Feature Engineering

Feature Engineering is one of the most important topic for Machine learning enthusiats

Numerical Imputation :
- Replace missing values with mean or median of rest of columns . Not very accurate and cannot be used in categorical features.
- SMOTE (Synthetic Minority over sampling technique) : Use of KNN to artificaially generate new samples of minority class using nearest neighbor.
Categorical Imputation : Use Deep learning for categorical data or Hamming list.
Random sample imputation
Best way is to “Get more Training Data”

Lets understand variance and standard deviation

Example:

Given Set = {1,4,5,4,8}

Lets find out Standard deviation

Standard deviation = sqrt(variance) = sqrt(5.04) = 2.24

If we take 4.4 +- 2.4 which is (2,6.8)

Clearly from the given set {1,4,5,4,8} - 1 and 8 are outliers

Random Cut Forrest can be utilized to detect Outliers

Apply some function to a feature to make better suited for training.
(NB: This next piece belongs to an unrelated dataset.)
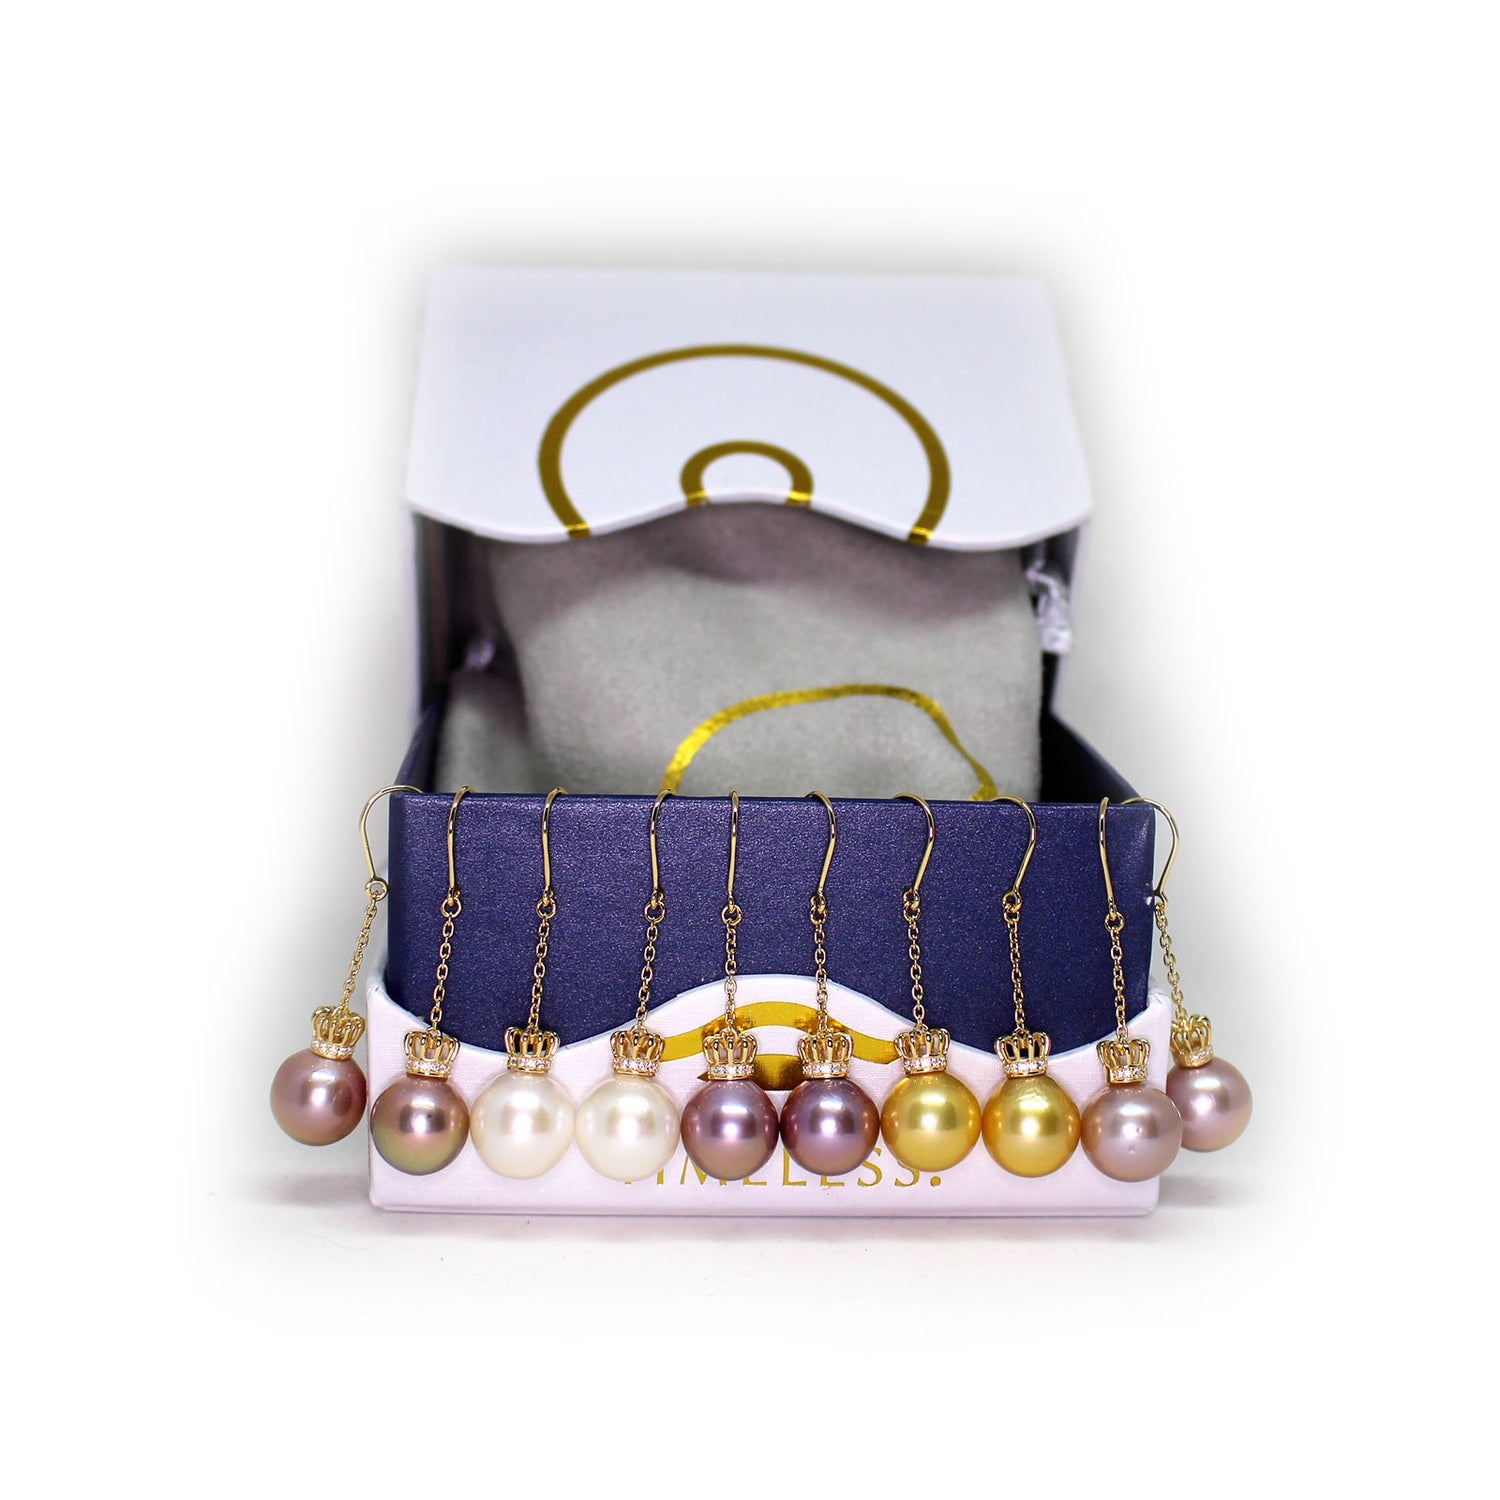 Golden Crown Edison Pearl Earrings - Timeless Pearl

For example : Youtube recommendation represent as say “x” - we calculate sqrt(x) and x^2. In that way, we learn on super and sub linear function.

More specific “One-Hot Encoding”
Create buckets for categories (1 or 0)
Binary values express the relationship between grouped and encoded column.
Common in Deep learning where categories are represented by individual opposite neurons

Most neural nets prefer features data to be normally distributed around 0
For example : Modelling age and income is wrong choice. As income value will be much higher than age. In this case , standardization is required.
In sckit-learn - we generally use “MinMaxScaler”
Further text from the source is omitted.